● ABOUT THIS EXERCISE:
Begin at the line containing "These smoothies make" and copy exactly through the last line of the listing, skipping every picture.

┌──

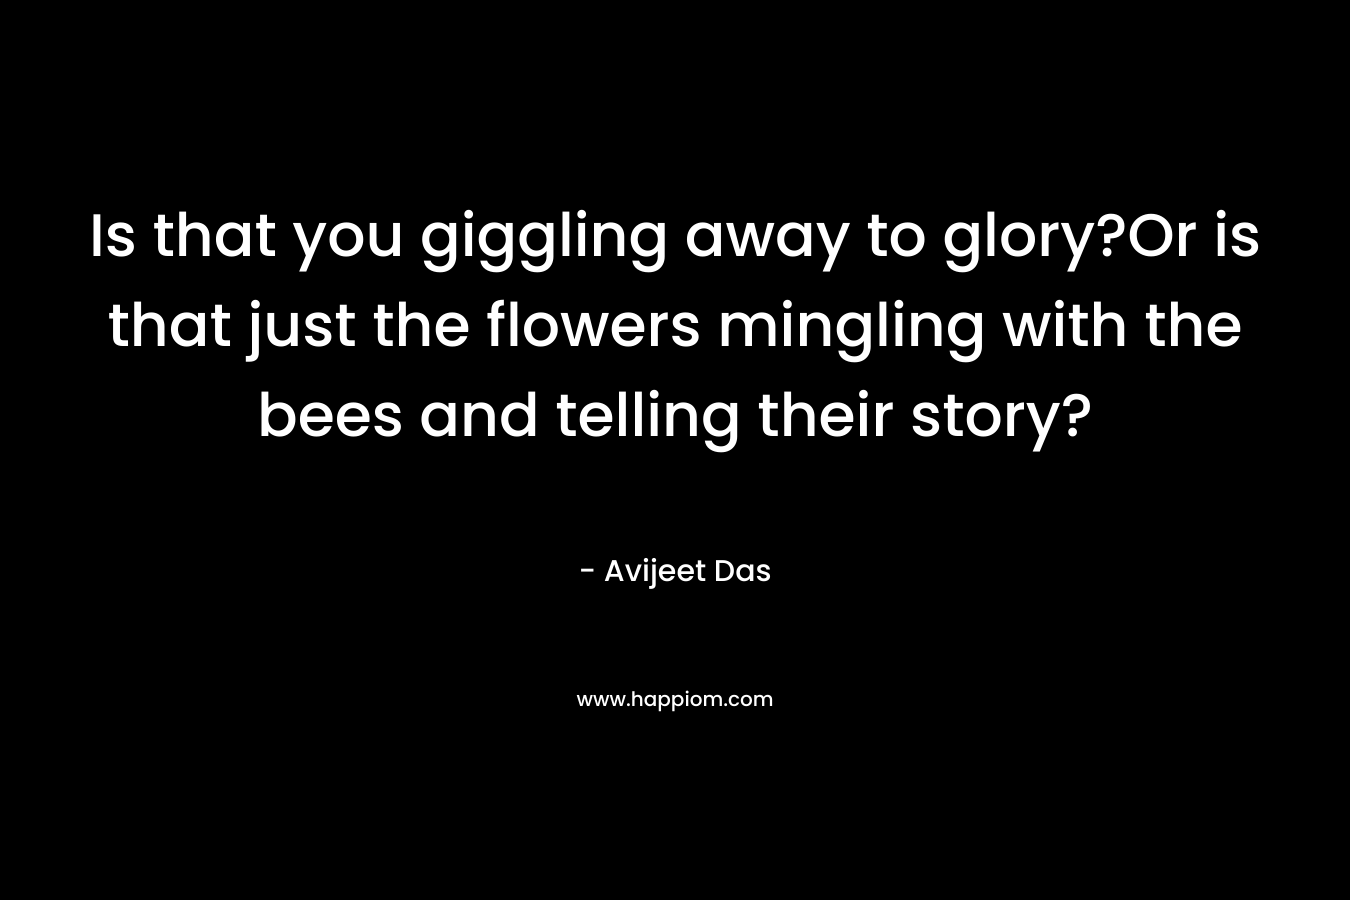 Is that you giggling away to glory?Or is that just the flowers mingling with the bees and telling their story?
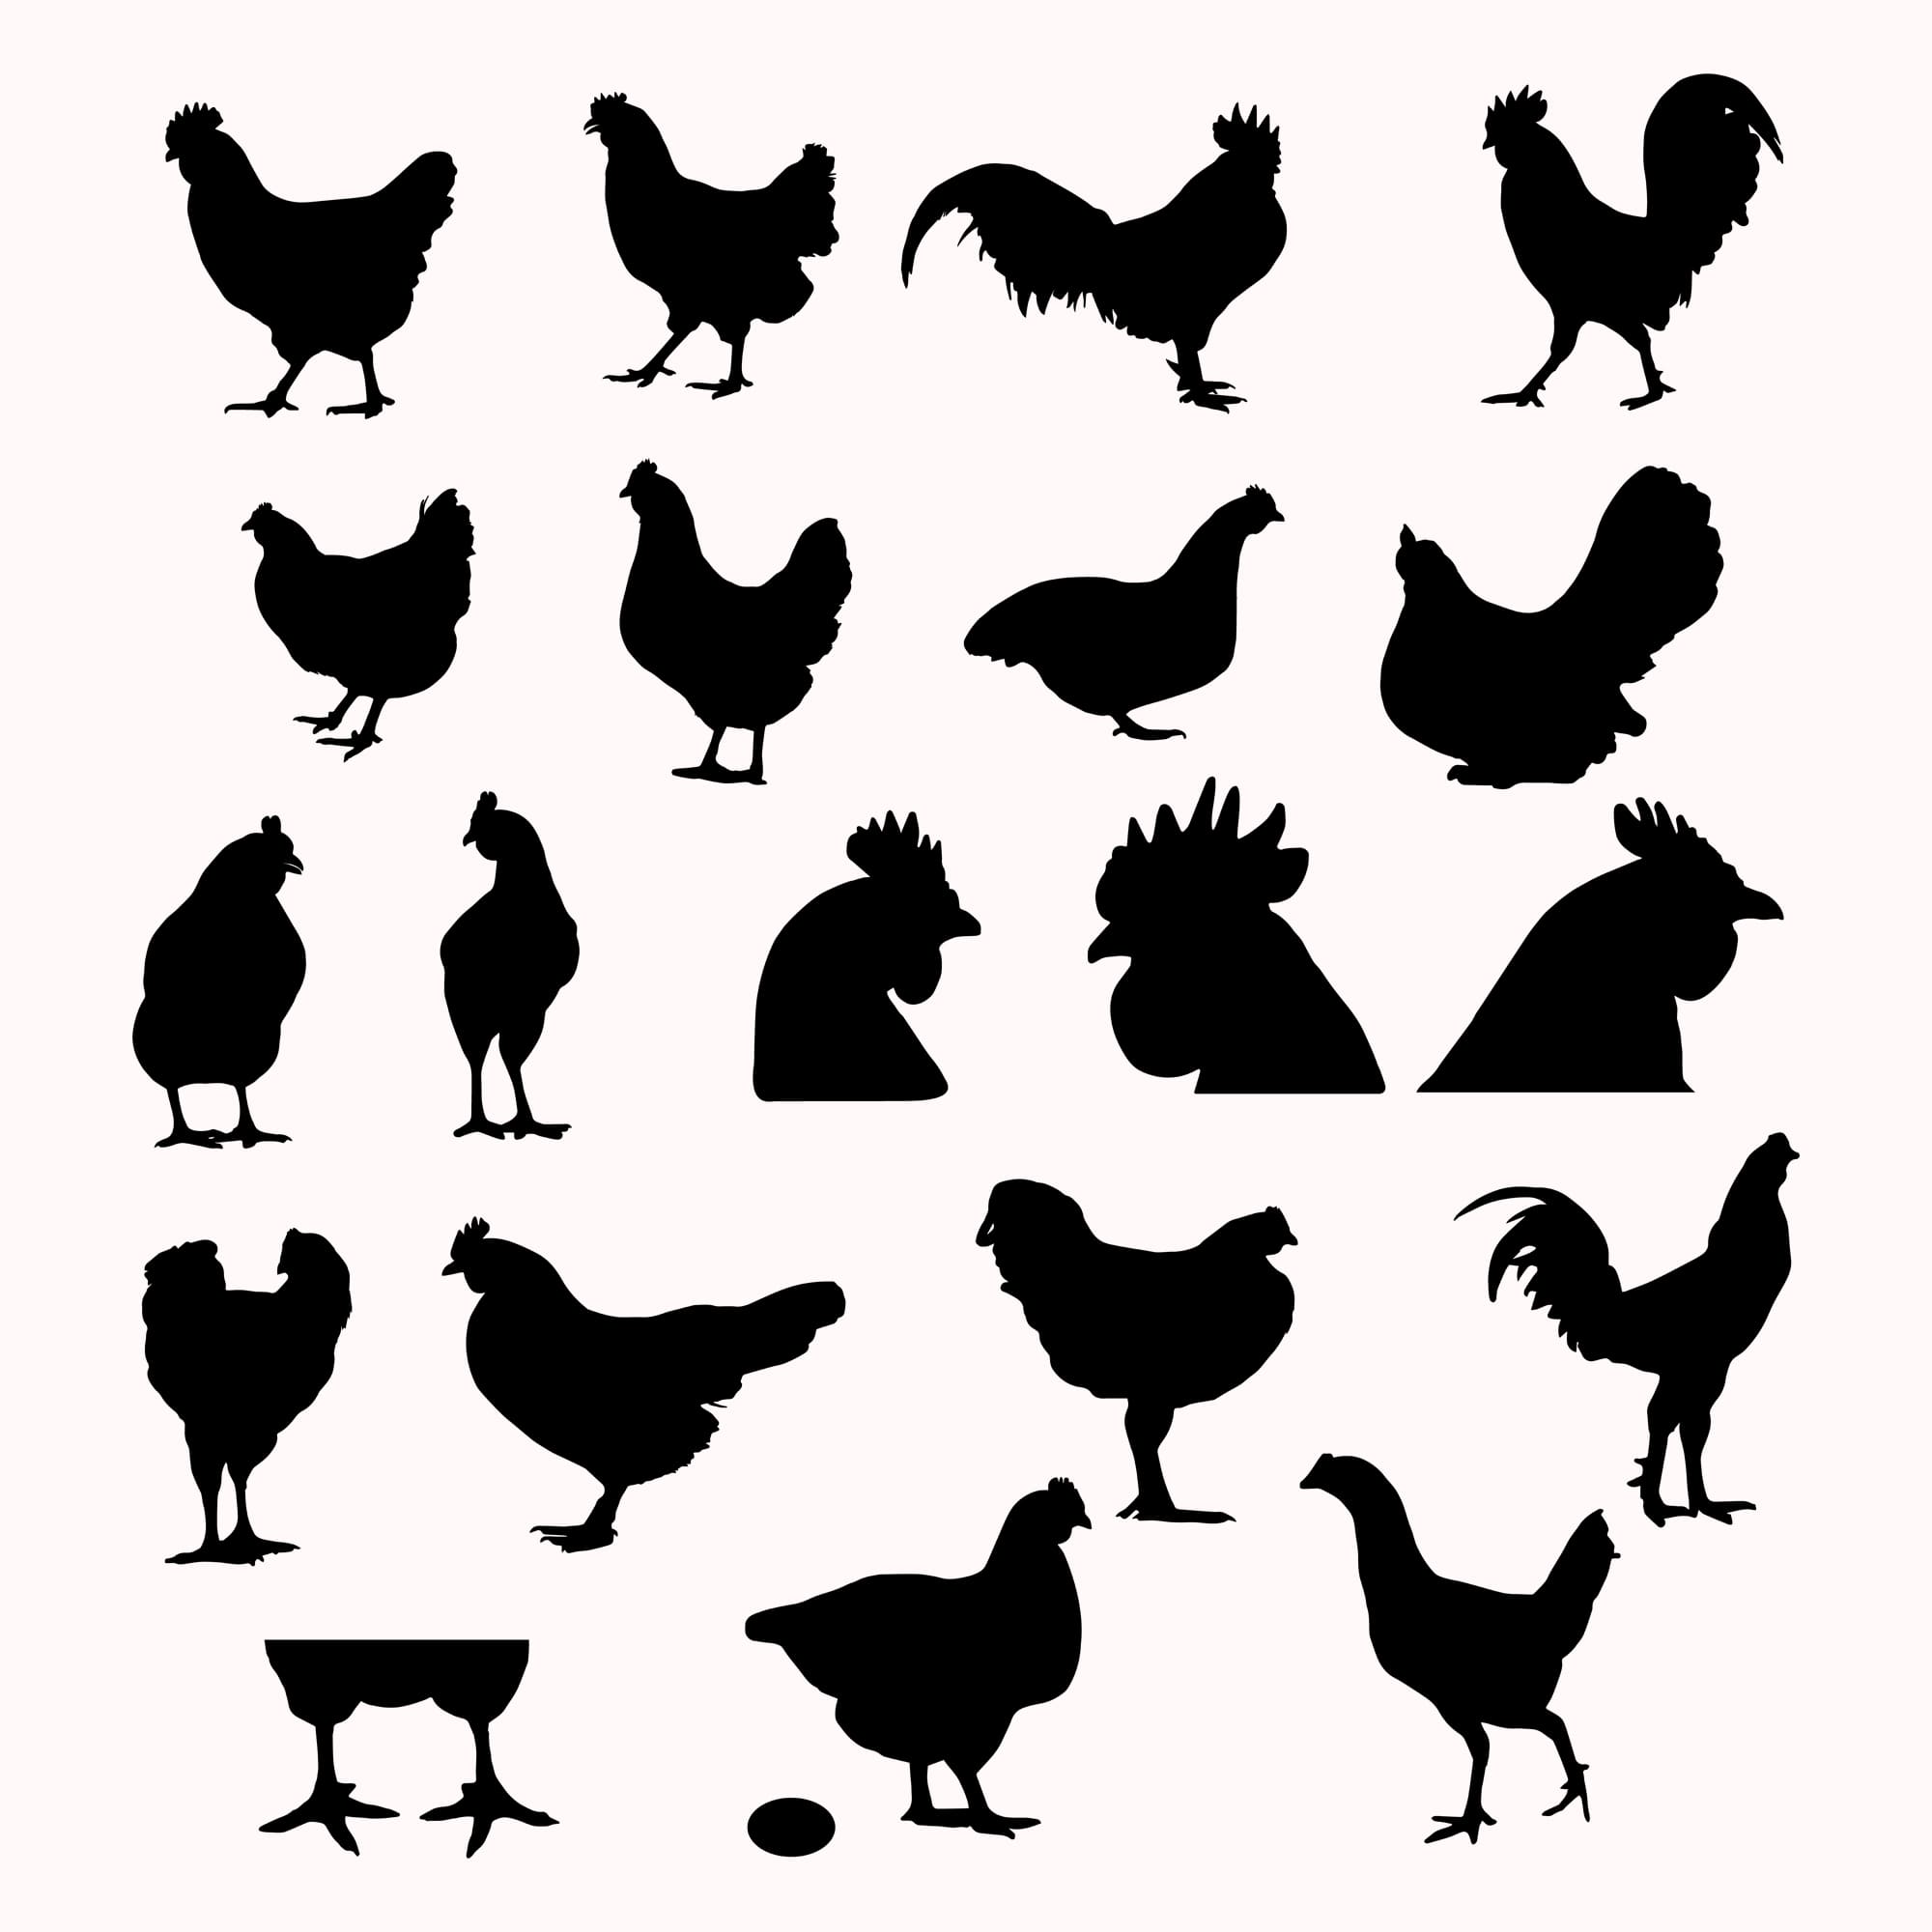 Bunch of chicken silhouettes on a white background.
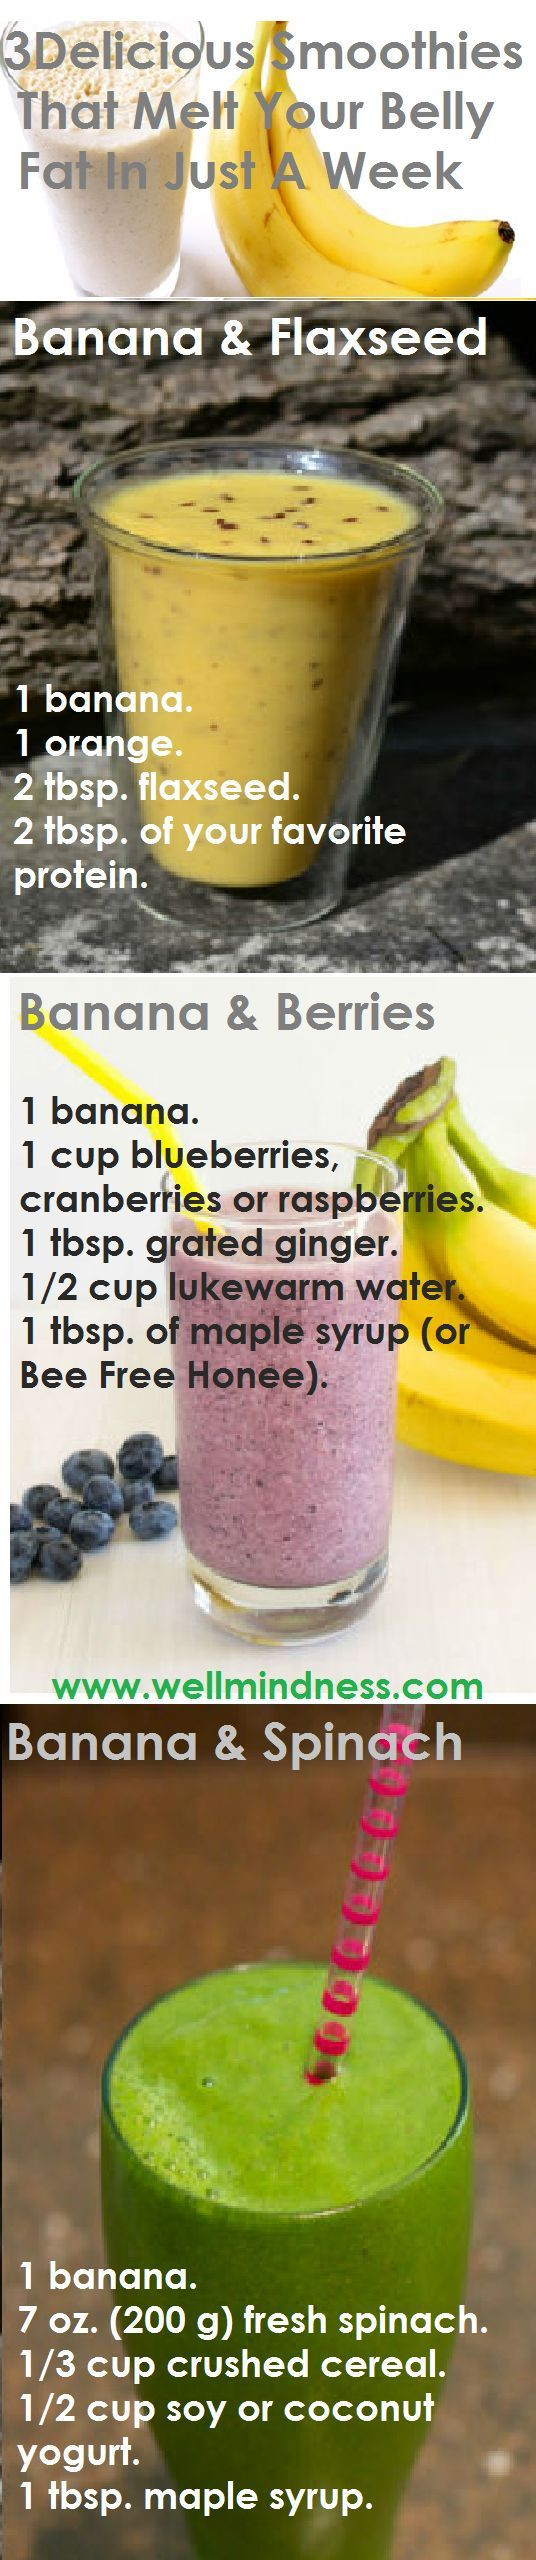 Detox Smoothies To Shed Belly Weight
 These smoothies make a real invasion of belly fat in the
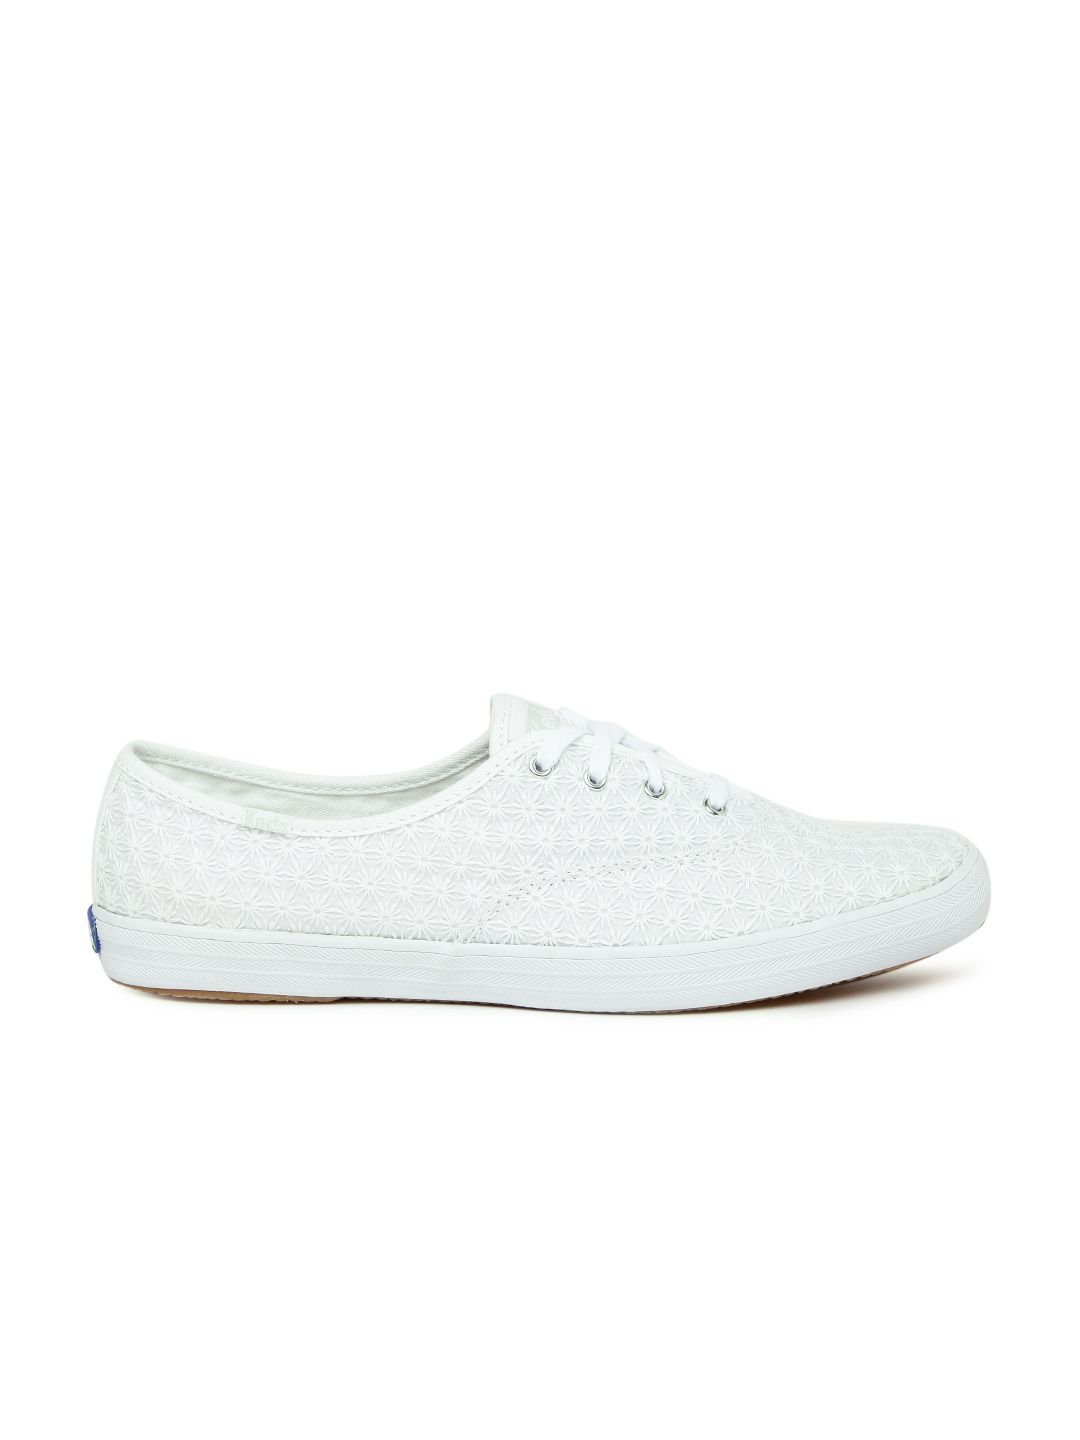 Keds White Casual Shoes Price in India- Buy Keds White Casual Shoes Online  at Snapdeal

└──

● THE ANSWER:
 These smoothies make a real invasion of belly fat in the
 Keds White Casual Shoes Price in India- Buy Keds White Casual Shoes Online  at Snapdeal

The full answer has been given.